Didalam sirkulasi kompleks virus antibody akan mengaktifasi sistem komplemen. Akibat aktivasi C3 dan C5 akan dilepas C3a dan C5a, dua peptida yang berdaya untuk melepaskan histamin dan merupakan mediator kuat sebagai faktor meningginya permeabilitas dinding pembuluh darah dan menghilangkan plasma melalui endotel dinding itu.
Terjadinya trombositopenia, menurunnya fungsi trombosit dan menurunnya faktor koagulasi merupakan faktor terjadinya perdarahan hebat, terutama pada perdarahan saluran gastrointestinal.
Yang menentukan beratnya penyakit adalah meningginya permeabilitas dinding pembuluh darah, menurunya volume plasma, terjadinya hipotensi, trombositopenia dan diatesis hemoragic.
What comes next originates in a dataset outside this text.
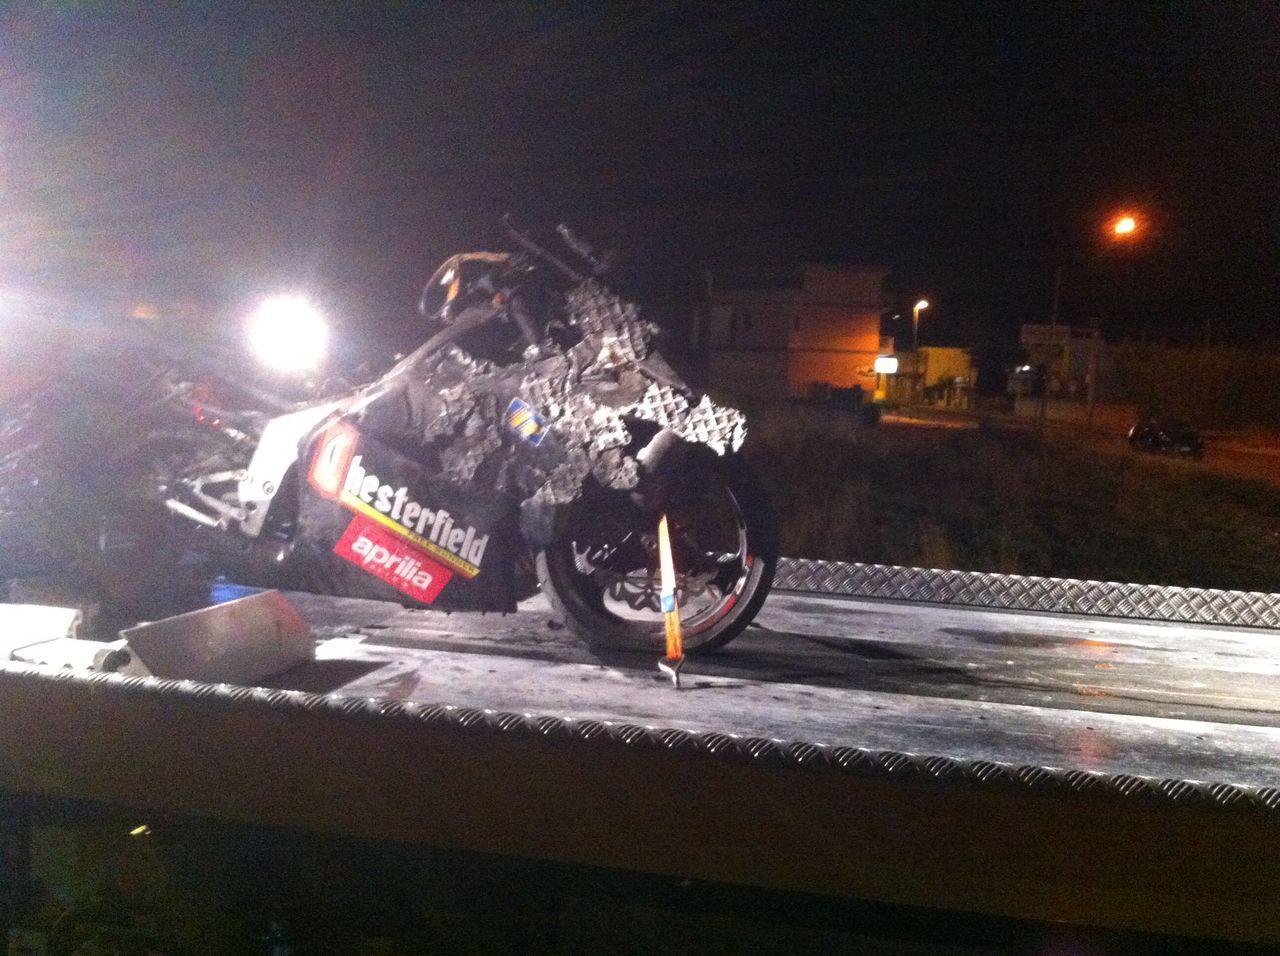 Incidente in moto: muore 18enne In evidenza
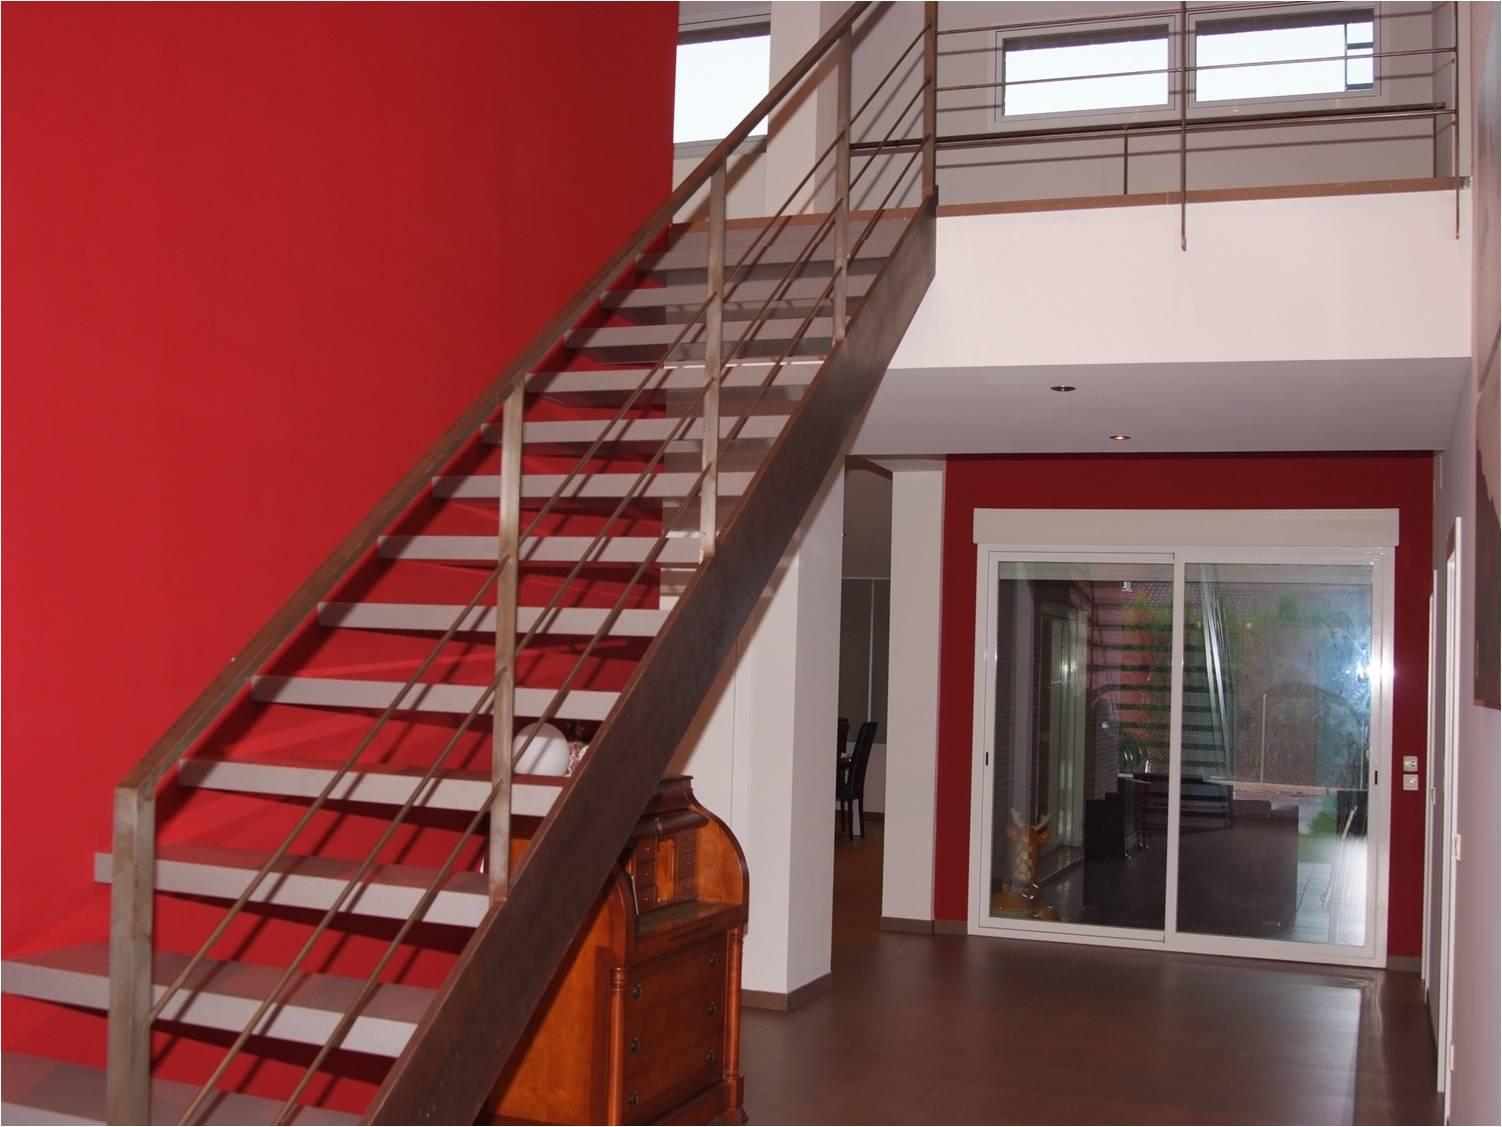 Dise o de escaleras maxalto for Soluciones para escaleras

Renjatan terjadi secara akut.
Peningkatan permeabilitas dinding kapiler mengakibatkan berkurangnya  volume plasma, terjadinya hipotensi, hemokonsentrasi dan hipoproteinemia serta efusi dan renjatan atau syok. Jika renjatan atau hipovolemik berlangsung lama akan timbul anoksia jaringan, metabolik asidosis dan kematian apabila tidak segera diatasi dengan baik.
Gangguan hemostasis pada DHF menyangkut tiga faktor yaitu perubahan vaskuler, trombositopenia dan gangguan koagulasi.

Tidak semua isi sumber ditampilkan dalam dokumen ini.